→ Dataset extract
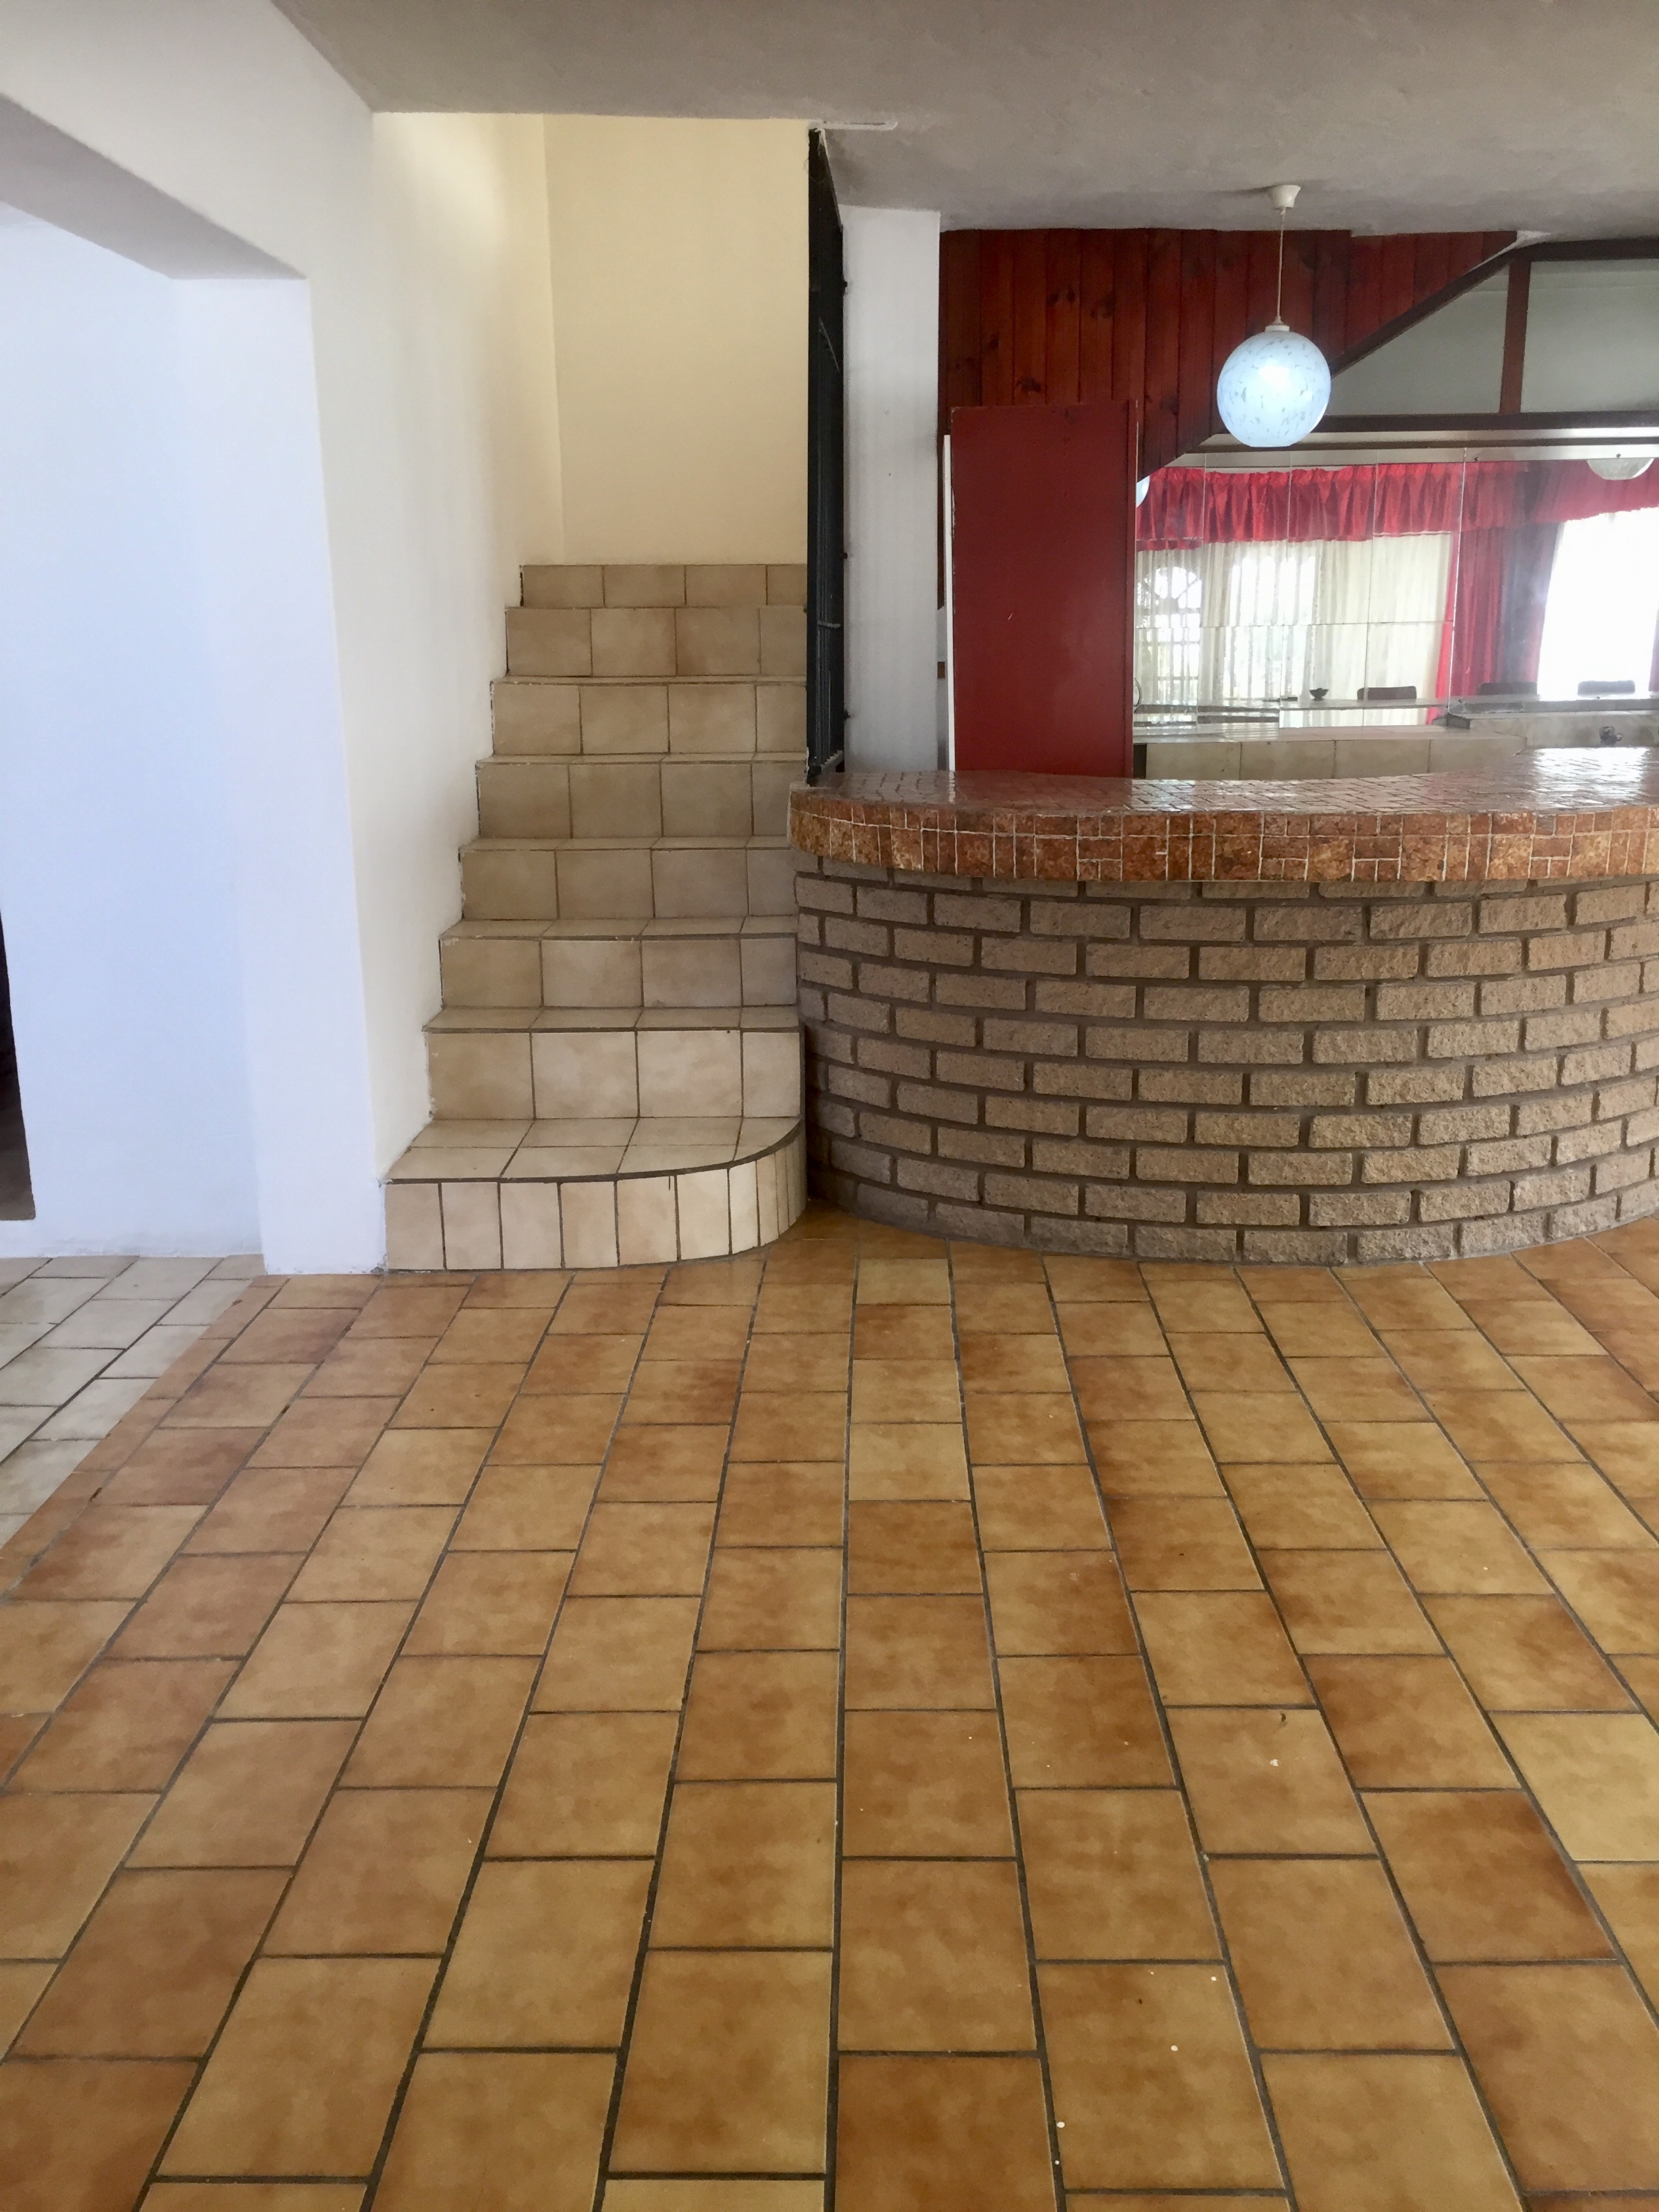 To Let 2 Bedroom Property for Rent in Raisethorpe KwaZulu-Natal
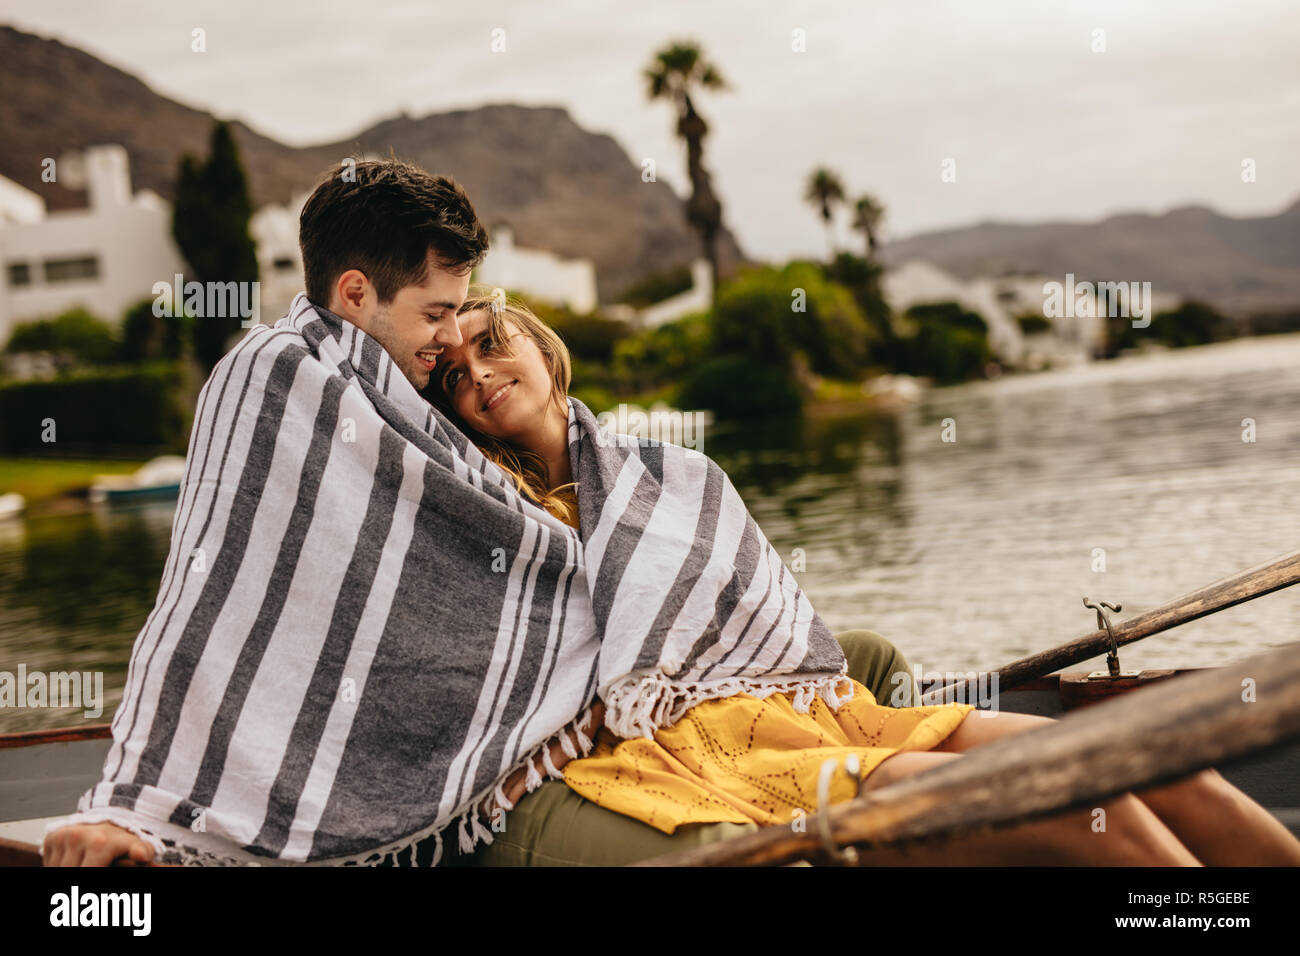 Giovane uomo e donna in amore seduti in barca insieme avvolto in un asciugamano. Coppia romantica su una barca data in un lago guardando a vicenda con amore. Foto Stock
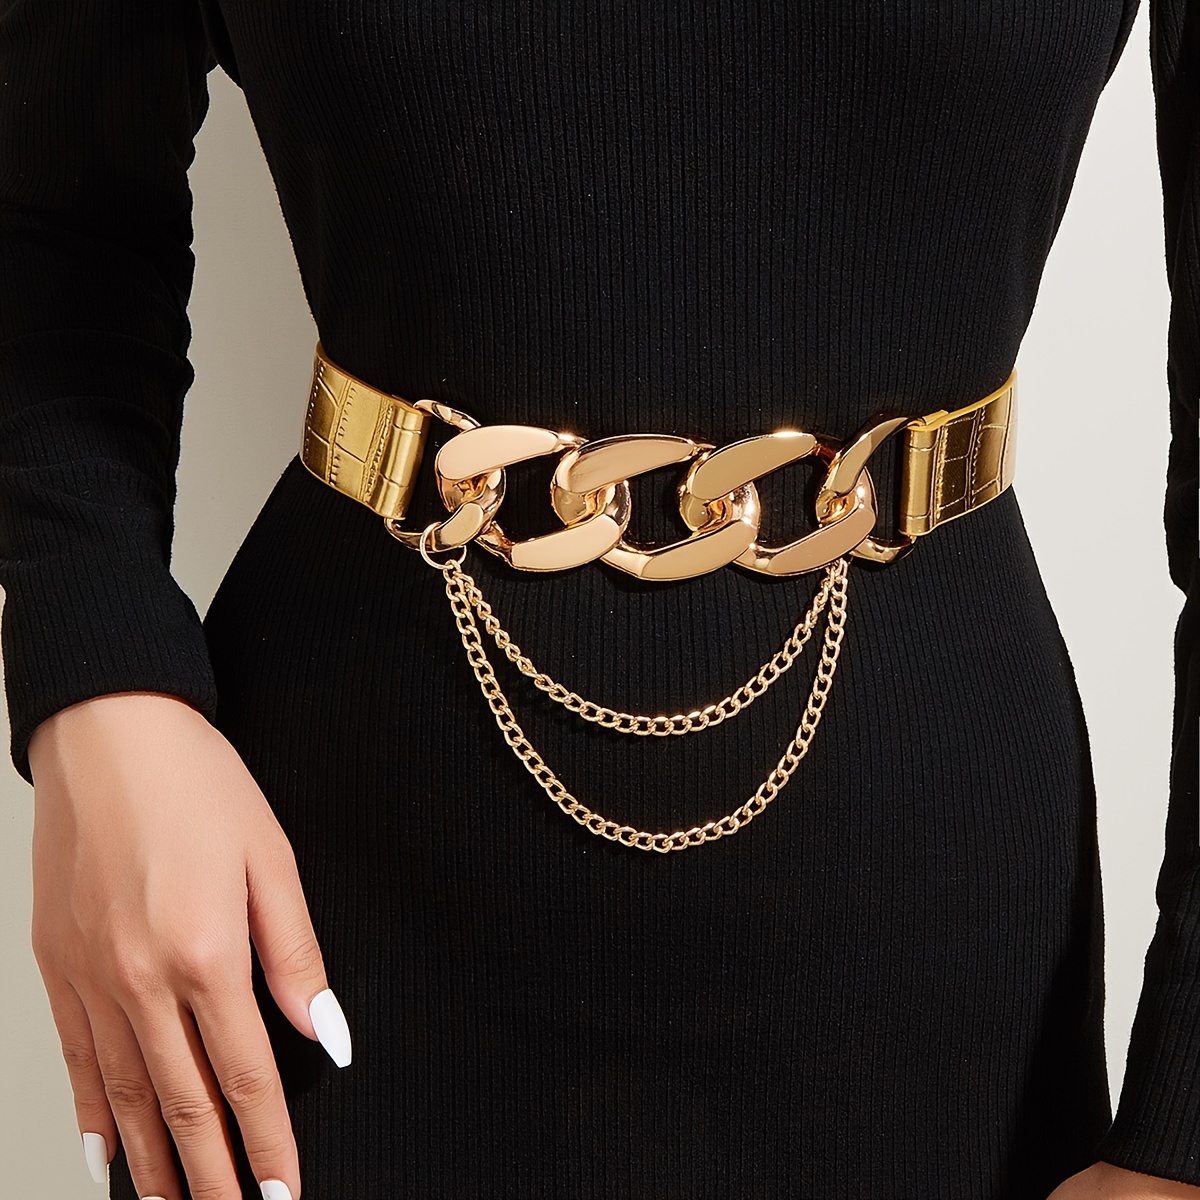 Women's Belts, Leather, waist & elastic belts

→ What the task requires
Print each line from the one containing "Giovane uomo e" through the last line of the listing, both included, exactly and with no pictures.

→ Response area
 Giovane uomo e donna in amore seduti in barca insieme avvolto in un asciugamano. Coppia romantica su una barca data in un lago guardando a vicenda con amore. Foto Stock
 Women's Belts, Leather, waist & elastic belts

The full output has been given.